2000年2月4日

アメリカの未臨界(臨界前)核実験について(談話)

社会民主党全国連合 
幹事長 渕上 貞雄

 アメリカは、2月3日午後2時(日本時間4日午前)、ネバダの地下核実験場で9度目の未臨界(臨界前)核実験を行なった。社会民主党は世界の平和を願う人々とともに、実験の中止を求め続けてきたが、こうした声を無視して未臨界(臨界前)核実験を強行したアメリカ政府に対して、強く抗議するものである。
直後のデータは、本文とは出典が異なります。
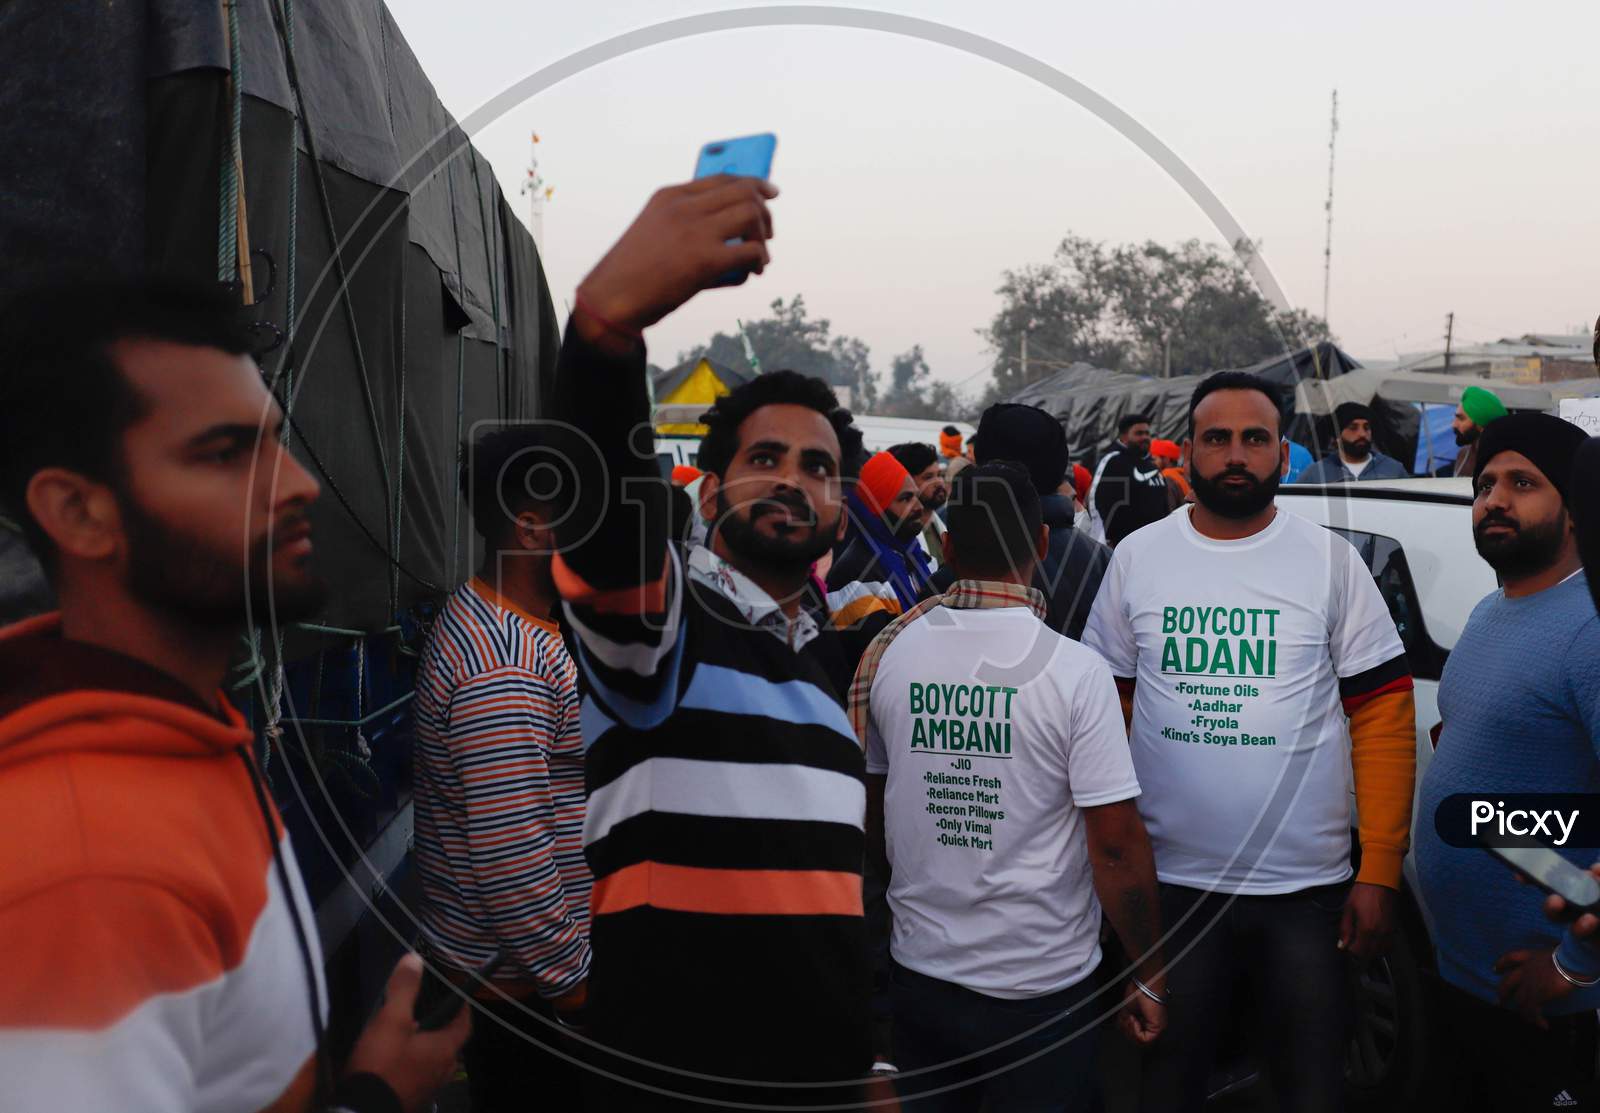 Farmers Wearing T-Shirts With A Slogans “Boycott Adani, Boycott Ambani’ To Protest Against Corporate Businesses Following The Recent Passing Of Agriculture Reform Laws, At Singh Border, On December 13, 2020 In New Delhi, India. Thousands Of Farmers Are Protesting On Various Borders Of The National C

 今回の核実験は、国立ローレンス・リバモア研究所が担当し、「オーボエ3」と名付けられている。米エネルギー省が未臨界(臨界前)核実験では「核分裂は起こっていない」とか「CTBTに反しない」といくら強弁しても、国際的な核不拡散体制が大きくゆらぐなかで、核のない世界への流れを大きく傷つけることは明らかである。

 ましてや、今回の実験は昨年l 0月にアメリカ上院が包括的核実験禁止条約(CTBT)の批准を否決した後、2度目の実験である。自国の批准の失敗でCTBTの発効に水を差し、世界の核軍縮へ向けた動きの妨げとなっているアメリカ政府が、無反省に未臨界(臨界前)核実験を重ねるなど言語道断であり、まったく恥知らずな行為といわざるを得ない。

 それ自身、決して十分とはいえないCTBTすら、このまま発効の見通しを失うのであれば、核のない21世紀へ向けた私たちの希望は絶望に転じ、核拡散の不安に覆われた新世紀を迎えることともなりかねない。

 アメリカ政府は世界最大の軍事力を持つ強力な核兵器国であることを自覚し、核拡散につながる行為をもっとも強く自制し、核軍縮を積極的に進めることを強く求められている。私たちは新しいミレニアムに核実験を持ち込んだアメリカ政府の暴挙を断じて認めることができない。

 社会民主党は、ヒロシマ・ナガサキの悲惨な被爆体験を踏まえ、世界の平和を願う人々と固く連帯しながら、あらゆる核実験に反対し、核廃絶へ向けた努力をさらに強めていくものである。